The new approach is based on a traditional method: heat water until it steams and capture that, leaving the salt and other impurities behind. To turn water into steam using energy from our Sun, one needs to use solar thermal materials to efficiently convert that energy into heat.
But if these materials are covered by salt crystals from the evaporating water, the whole thing can grind to a halt. The new method successfully addresses this problem by maintaining a steady rate of water evaporation as the salts are harvested and removed from the process, to avoid them reducing efficiency.
So, what we have here is a desalination method that's cheap, practical, and effective.
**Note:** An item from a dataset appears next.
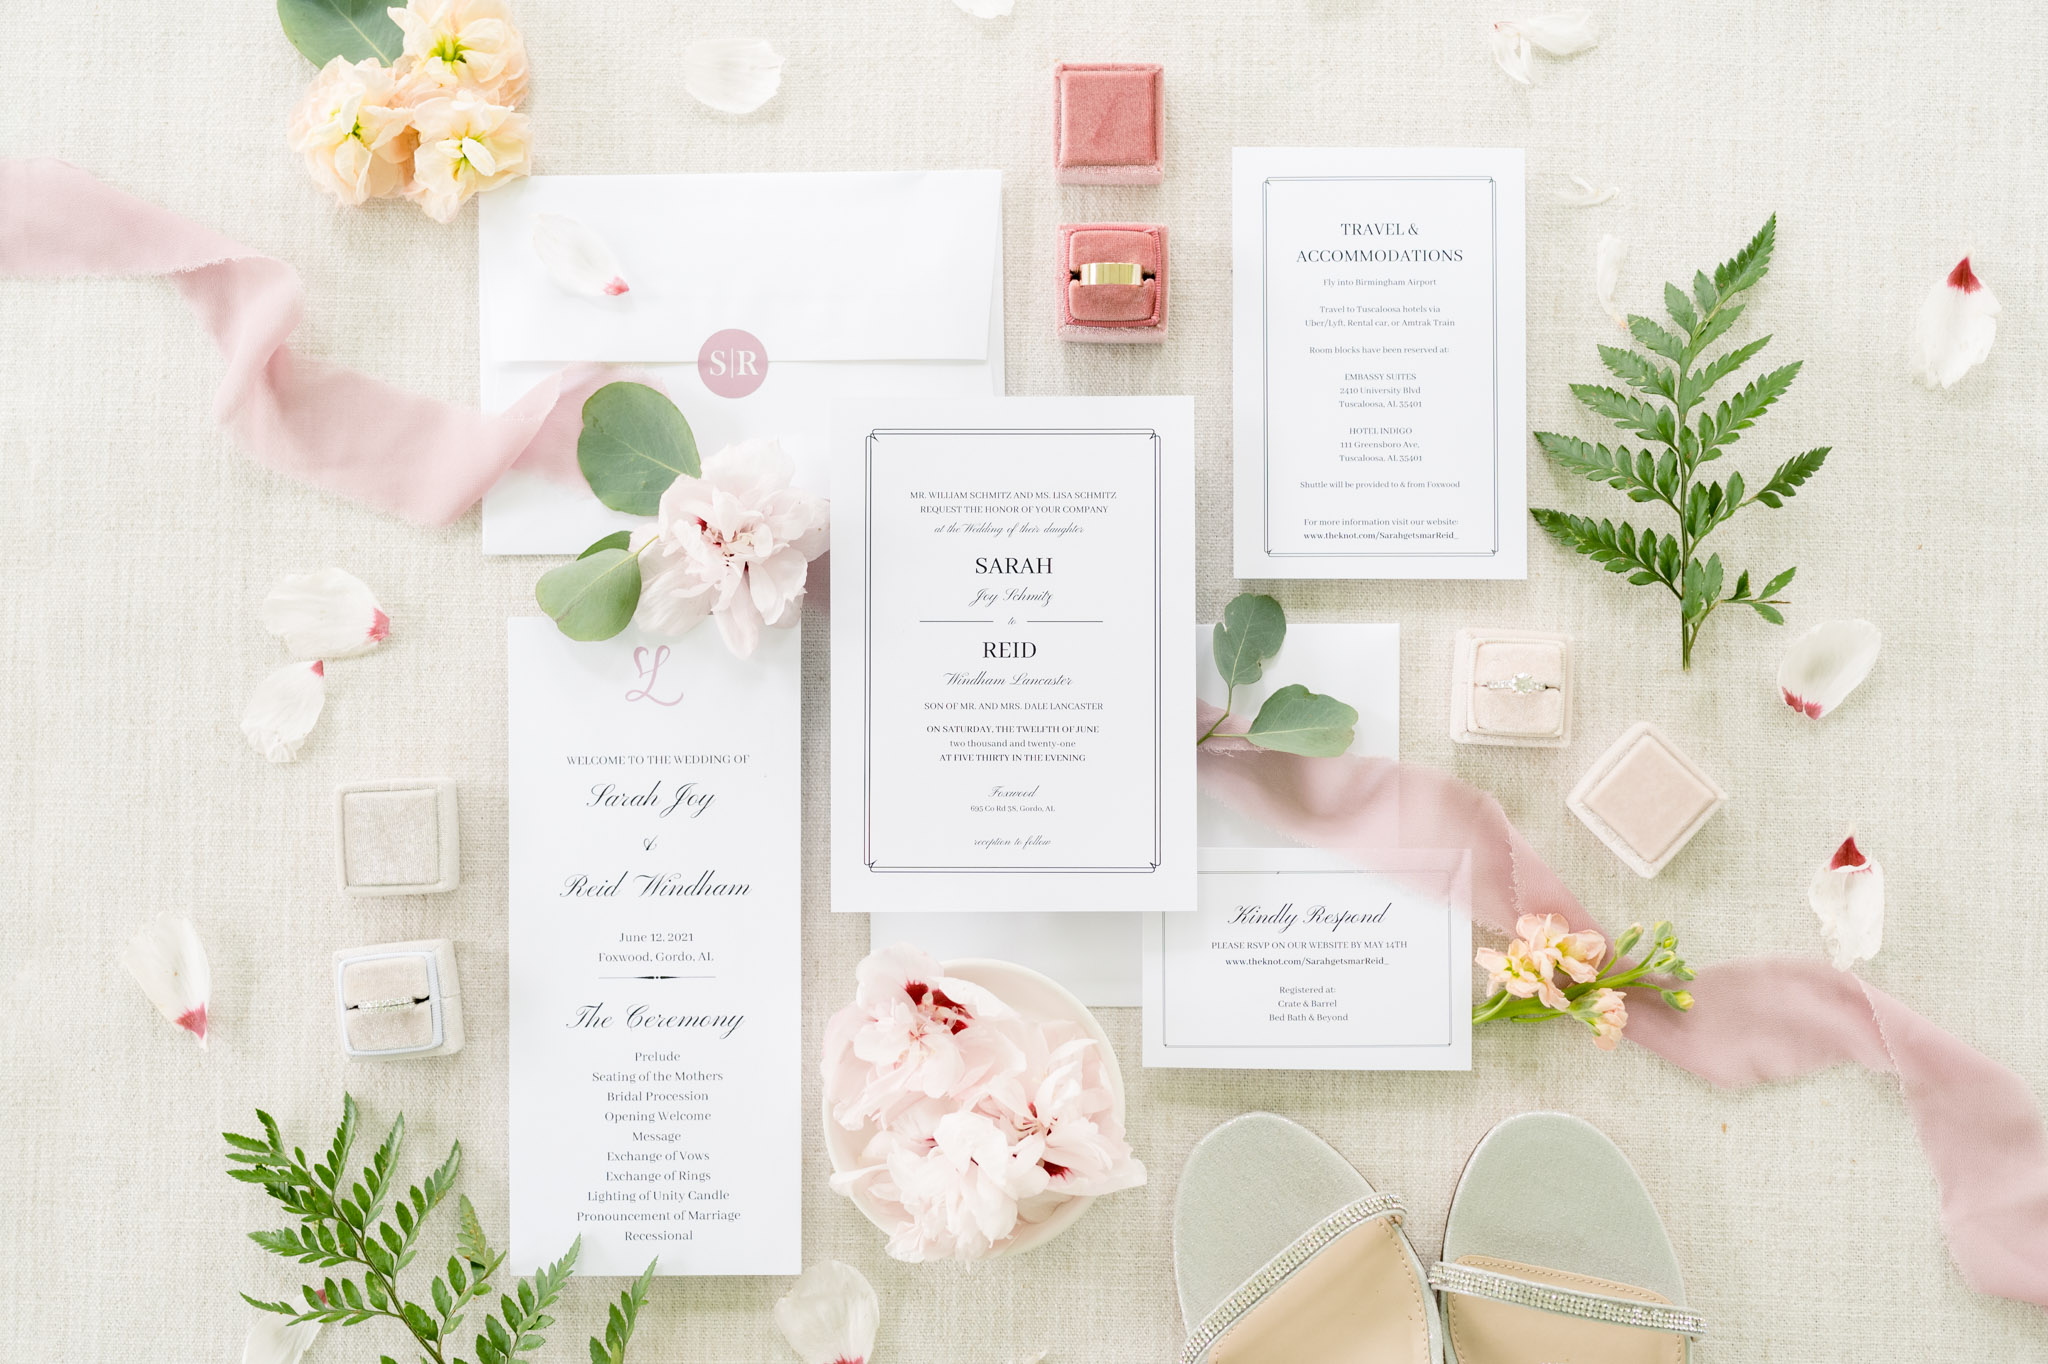 White and black invitation suite with pink accents.

Because it's powered by sunlight, devices using this technique could be particularly useful in places without reliable access to electricity.
"Our study results advance one step further towards the practical application of solar steam generation technology, demonstrating great potential in seawater desalination, resource recovery from wastewater, and zero liquid discharge," says chemical engineer Xiwang Zhang, from Monash University in Australia.
"We hope this research can be the starting point for further research in energy-passive ways of providing clean and safe water to millions of people, illuminating environmental impact of waste and recovering resource from waste."
The new system uses a 1 millimetre (0.04 inch) diameter cotton thread to transport salty water to the evaporation disc, where the pure water is trapped and the salts are pushed out towards the edges.
This is all powered by sunlight, and in tests the researchers measured light absorbance of over 94 percent across the entire solar spectrum – so it makes good use of whatever sunlight happens to be available.
As Zhang told New Atlas, the innovative new device is capable of producing 6-8 litres (or 1.6-2.1 gallons) of clean water per square metre (10.8 square feet) of surface area per day. Next, the scientists want to up that production rate.
It's not the only interesting desalination approach we've seen lately; last year, a team from the US produced a hydrogel-based, solar-powered technique for removing salt from seawater that is powerful enough to work on water taken from the Dead Sea.
The challenge now is to scale up such methods to make them practical – both in terms of putting the systems in place and in terms of how much water they can process.
"Water security is the biggest challenge the world faces in the 21st century, especially as population grows and the effects of climate change take shape," says Zhang. "Developing and under-resourced communities feel the effects of these factors the most."
"Utilising solar energy for water treatment has been widely considered as one of the sustainable solutions towards addressing the scarcity of clean water in some communities, without sacrificing our environment or resources."
The research has been published in Energy & Environmental Science.